The code talkers used a unique cipher based on the Navajo language to encrypt messages sent by field telephones and radios throughout the Pacific theatre during the war.

It was regarded as secure from Japanese code breakers as the consonantrich language was only spoken in the U.S. Southwest, was known by fewer than 30 non-navajo people and had no written form.

A young Navajo shepherd at the time, Little attempted to sign up for the U.S. Marines at age 15 in 1942, but was turned down as underage.

He finally succeeded in joining in 1943 at age 17. He trained as a code talker and was sent to the South Pacific, where the specialists served in all six Marine divisions and took part in major assaults.

In an interview in 2007, Little told Reuters how he scrambled down a cargo net with his radio pack and rifle, leaping into a landing craft in the roiling ocean off the Marshall Islands in early 1944. Later he landed under fire on the beach head, sprinting for cover.

The Navajos sent and received messages as war planes raced overhead, artillery pounded and troops fought with fixed bayonets.

The Navajos’ reputation grew as island after island fell and was sealed at Iwo Jima, which the U.S. Marine Corps took back in a 35-day battle in which nearly 20,000 Japanese and 7,000 Americans died.

In that battle six Navajo Code Talkers worked around the clock, sending and receiving more than 800 vital messages without error in the first two days of the battle alone.

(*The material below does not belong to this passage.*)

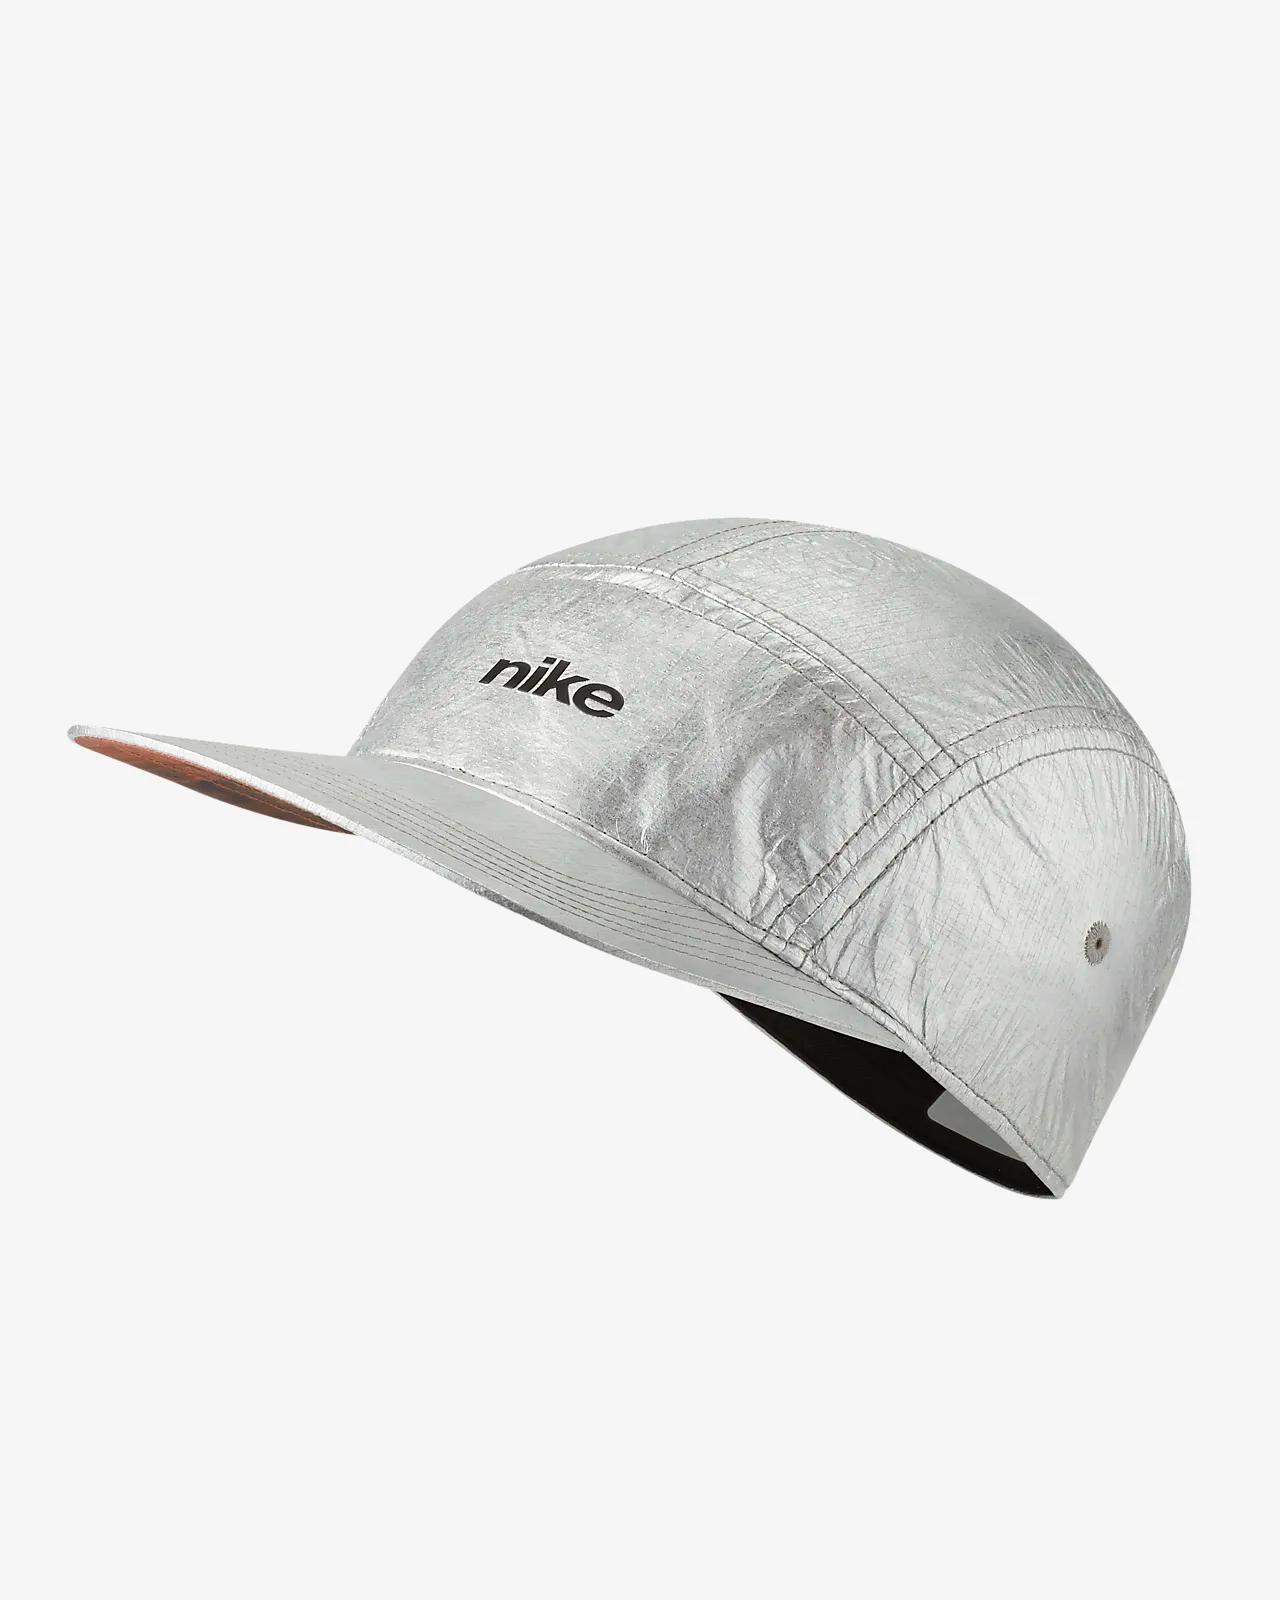 aw85-hat-3pKs2W.png

In his later years as president of the Navajo Code Talkers Association, Little took responsibility for safeguarding the memory of the 420 Navajo Code Talkers. He was a driving force behind the National Navajo Code Talkers Museum & Veterans Center, a project still in development.

“This was no ordinary contribution to America,” Little told Reuters. “The Navajo Code Talkers did something unique, incredible ... and it should be observed.”